Setelah puluhan tahun saya baru membukanya kembali kemarin. Banyak cerita yang dapat kita petik dari setiap lembar prangko. Bukan saja bagaimana kita mendapatkan prangko-prangko tersebut, tapi juga dari gambar-gambar yang terukir dalam setiap lembar prangko.
Memang prangko dicetak bukan sekedar untuk keperluan surat-menyurat tetapi kadangkala dimaksudkan untuk menandai suatu peristiwa penting tertentu. Bisa dibilang semacam prasasti.
Prangko yang dicetak secara reguler biasanya kepala negara. Saya sempat mempunyai prangko bergambar presiden Soekarno. Soeharto dan Gus Dur.Â
Presiden-presiden setelahnya saya tidak tahu apakah sudah diabadikan dalam prangko atau belum. Maklum sekarang komunikasi dengan model surat-menyurat sudah ditinggalkan orang.

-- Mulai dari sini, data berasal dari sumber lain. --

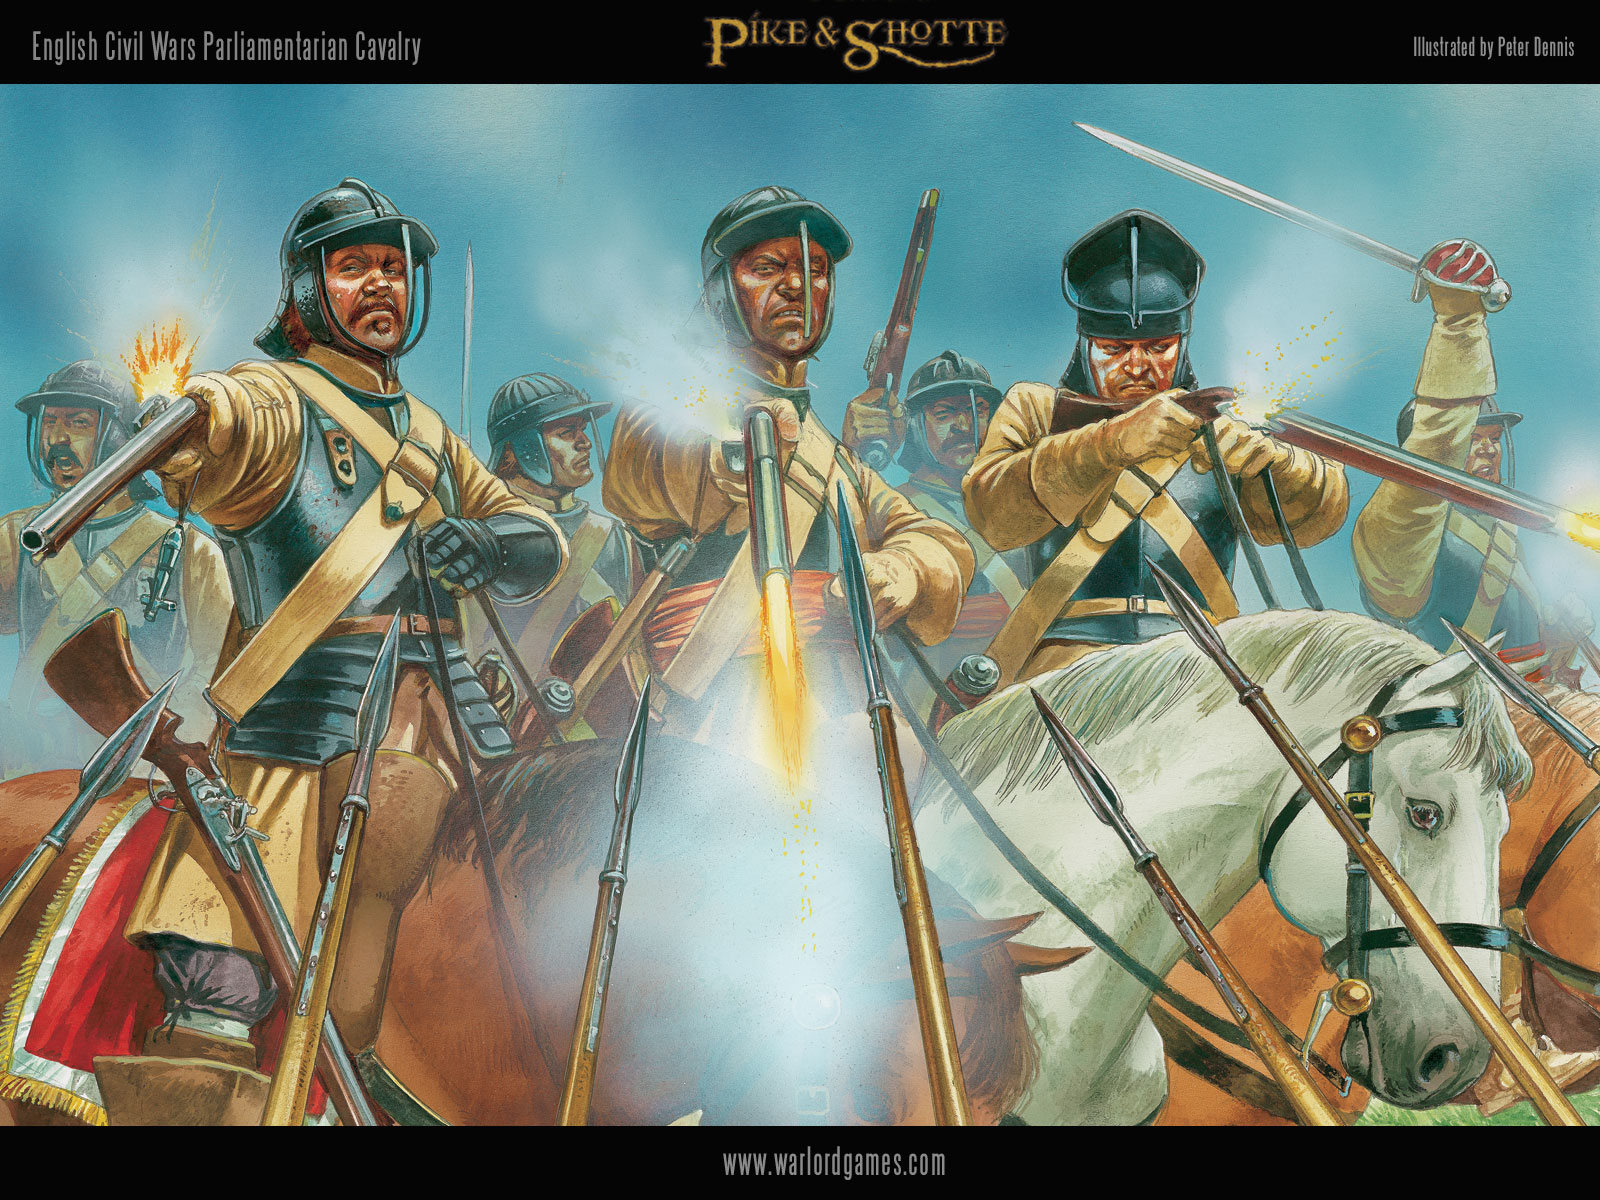 Illustrations P&S ECW-Parliament-Cavalry-wallpaper

Dalam prangko di atas kita bisa mendapatkan banyak cerita tentunya. Misalnya tentang harga prangko-prangko tersebut. Prangko bergambar presiden Soekarno harganya Rp.1, 00 (satu rupiah).
Harga prangko bergambar presiden Soeharto yang terbit tahun 1993 adalah Rp.150,00 (seratus lima puluh rupiah). Sementara prangko bergambar presiden K.H Abdurahman Wahid seharga Rp. 1.000, 00 (seribu rupiah).
Khusus prangko Gus Dur ada yang unik. Prangko dicetak tidak seperti biasanya. Ternyata ini juga pernah dilakukan oleh Pos dan Giro ketika menerbitkan prangko seri beragam flora sebagai salah satu kekayaan bangsa Indonesia.
Masih banyak cerita lain tentunya kalau kita mau mengulik cerita dari tiap lembar prangko. Ada lambang daerah untuk tiap-tiap provinsi (waktu itu masih 27), prangko seri pakain adat dan tarian adat dan masih banyak lagi seri-seri prangko yang diterbitkan oleh Pos dan Giro.